Abstract
Background/Aim: Chemotherapy for acute leukemia includes agents known to cause hepatotoxicity. This study evaluated the role of monoammonium glycyrrhizinate for the prevention of hepatotoxicity after the first methotrexate-containing intrathecal chemotherapy (ITC) in children and adolescents with leukemia. Patients and Methods: Patients with newly diagnosed acute leukemia (age 0-18 years) who received ITC during the first week of induction therapy at our hospital between April 2016 and March 2021 were enrolled. Intravenous monoammonium glycyrrhizinate (IVMG) was defined as the intravenous administration of monoammonium glycyrrhizinate initiated on the day before or the day of the first ITC. Results: Overall, 39 of 118 patients (33%) developed grade 3-4 hepatotoxicity. The inverse probability of treatment weighting logistic regression model showed that IVMG was not associated with the development of grade 3-4 hepatotoxicity (OR=1.9, 95%CI=0.808-4.468). Conclusion: IVMG did not protect against the development of grade 3-4 hepatotoxicity after the first methotrexate-containing ITC for leukemia.
Hepatotoxicity is one of the common adverse effects of chemotherapy in patients with cancer (1-5). The clinical presentation and severity of hepatotoxicity vary widely, from asymptomatic laboratory abnormalities to liver failure. Standardized criteria developed by the National Cancer Institute (6) have been widely used to quantify the severity of treatment-related hepatotoxicity in patients receiving chemotherapy. The major mechanism of chemotherapy-related hepatotoxicity has been suggested to be the production of reactive metabolites through oxidation (7). Moreover, it has been suggested that prior liver disease, infection, supportive therapy, drugs, and radiation therapy contribute to liver injury during chemotherapy (5, 7).
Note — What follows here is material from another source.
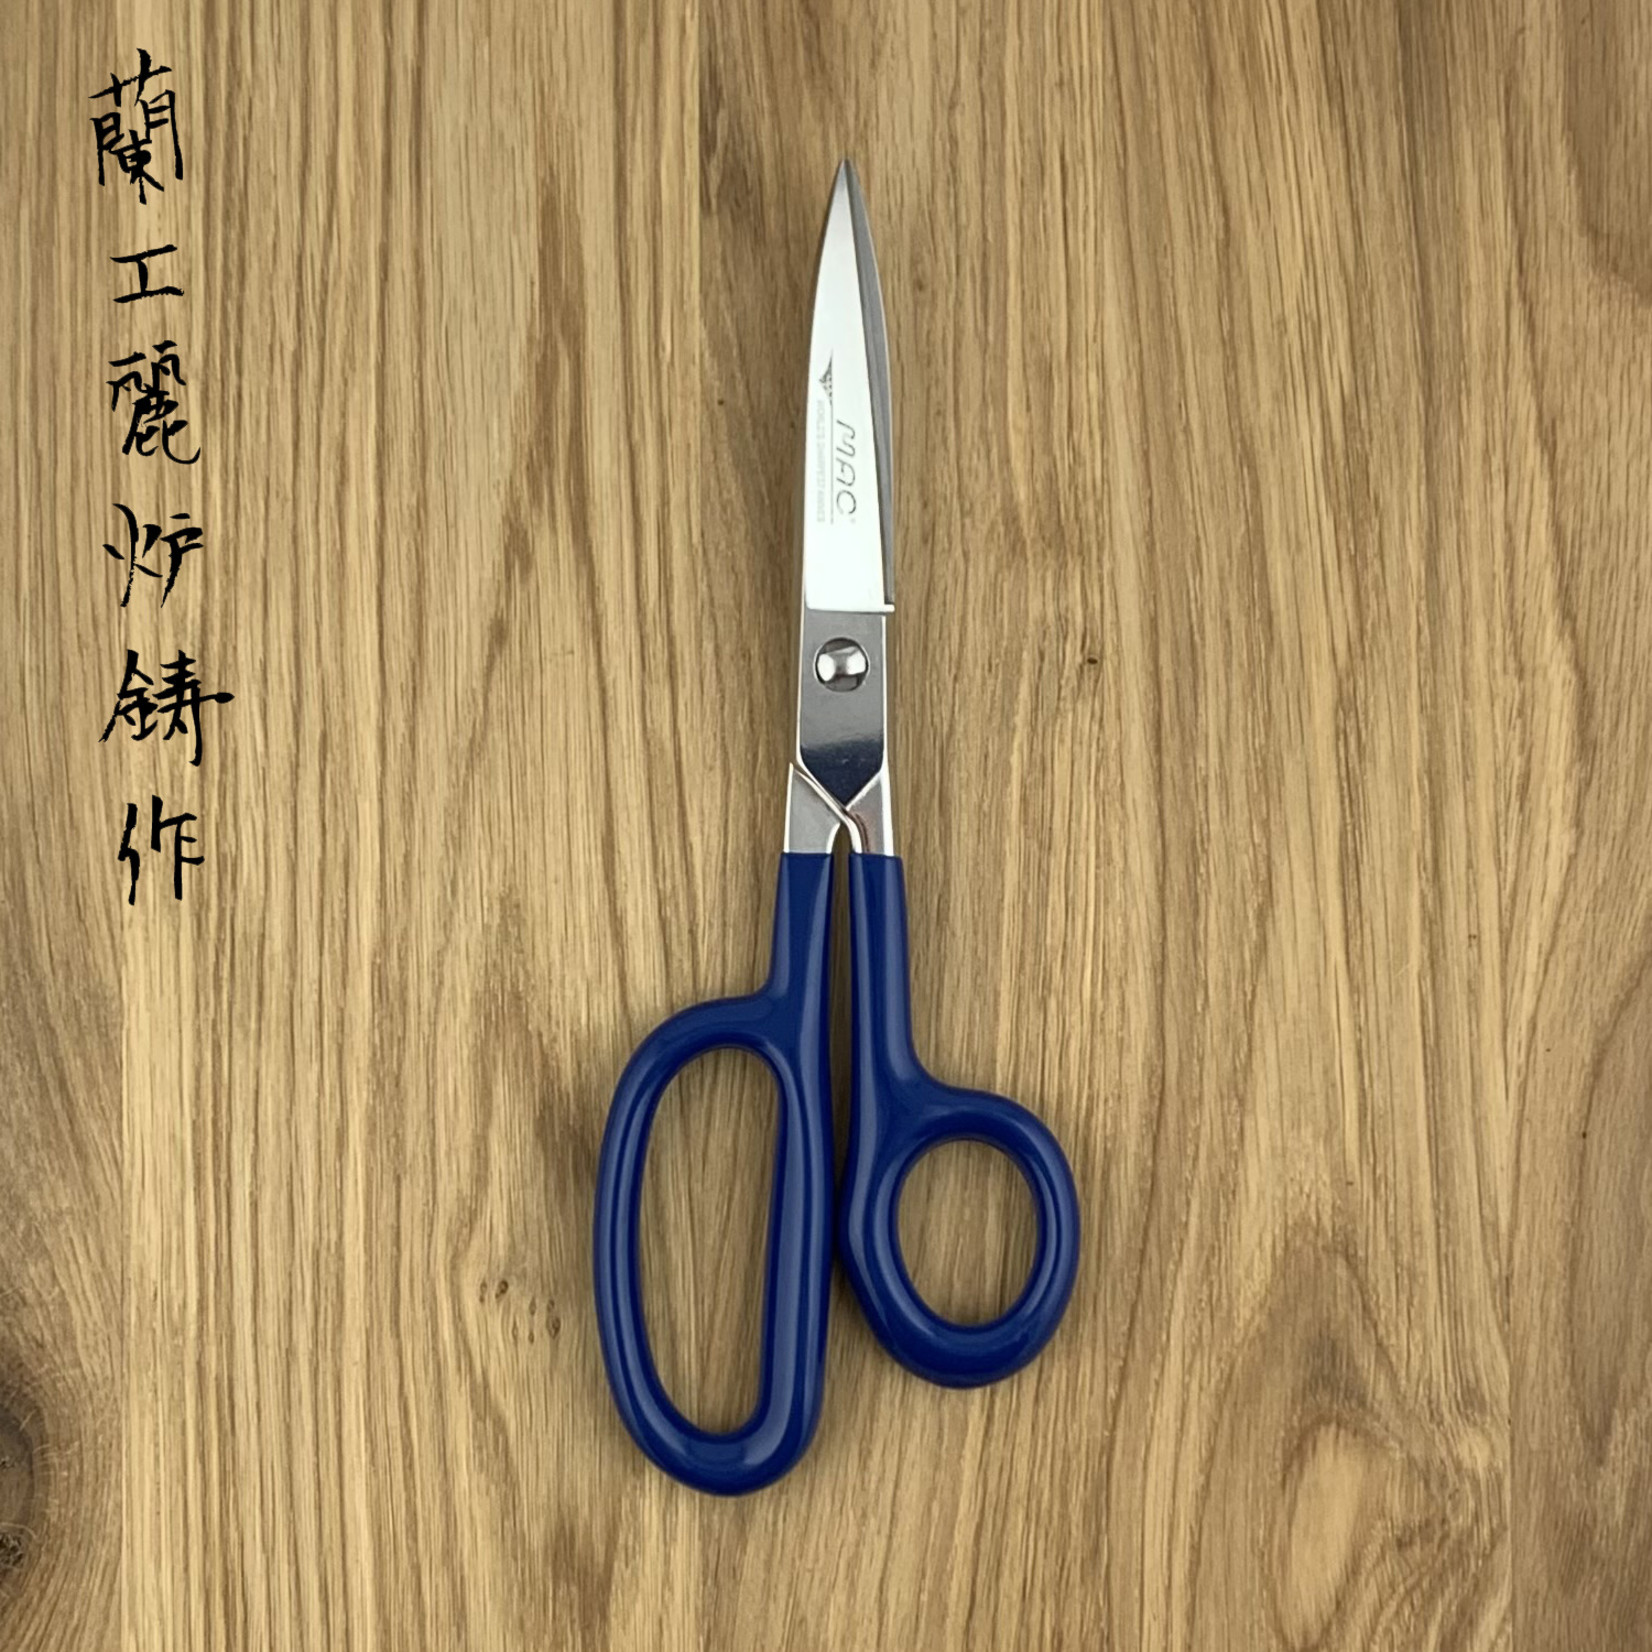 MAC Professional Scissors KS-85

Therapeutic regimens for acute leukemia usually consist of multiple agents with different mechanisms, and they include agents known to cause hepatotoxicity, such as methotrexate (MTX) and cytarabine (1-3). MTX is an antimetabolite drug, which is widely used for the treatment of various cancers. Intrathecal MTX administration is standard prophylactic therapy for central nervous system relapse in patients with acute leukemia, which induces greater systemic MTX exposure than systemic administration (8, 9). The major adverse effects of MTX include myelosuppression, mucocutaneous toxicity, and hepatotoxicity (10). High-dose or prolonged MTX therapy has been reported to be associated with liver injury (2) and can cause liver fibrosis and cirrhosis (2, 11).
Since severe hepatotoxicity can lead to dose reduction or discontinuation of chemotherapy (4), there seems to be a need to prevent chemotherapy-related hepatotoxicity. Several drugs have been investigated for the prophylaxis of chemotherapy-related hepatotoxicity (12, 13). Glycyrrhizic acid is a triterpene glycoside that is extracted from the root of the licorice plant (Glycyrrhiza glabra). A variety of pharmacological activities of glycyrrhizic acid have been reported, including anti-inflammatory, anti-viral, and anti-oxidative effects (14-17). Previous studies have also shown a protective effect of glycyrrhizic acid on drug-induced hepatotoxicity (18-20). Currently, there is little evidence regarding the prophylactic effect of glycyrrhizic acid on chemotherapy-related hepatotoxicity in patients with cancer. The aim of the study was to determine whether intravenous monoammonium glycyrrhizinate (IVMG) affects the development of hepatotoxicity after the first MTX-containing intrathecal chemotherapy (ITC) in children and adolescents with newly diagnosed acute leukemia.
Patients and Methods
Patients. A total of 122 consecutive patients aged between 0 and 18 years who received the first ITC during the initial week of induction therapy at the Kobe Children’s Hospital between April 2016 and March 2021 were enrolled in a retrospective cohort study. Patients with therapy-related myeloid neoplasms, prior treatment for leukemia before admission, grade 3-4 hepatotoxicity at diagnosis of leukemia, or early death during the first week of induction therapy were excluded. Patients who received oral or intravenous glycyrrhizinate more than two days prior to the day of the first ITC were also excluded. The baseline characteristics of the patients and information on the use of concomitant drugs during the first week of induction were obtained from the patients’ medical records.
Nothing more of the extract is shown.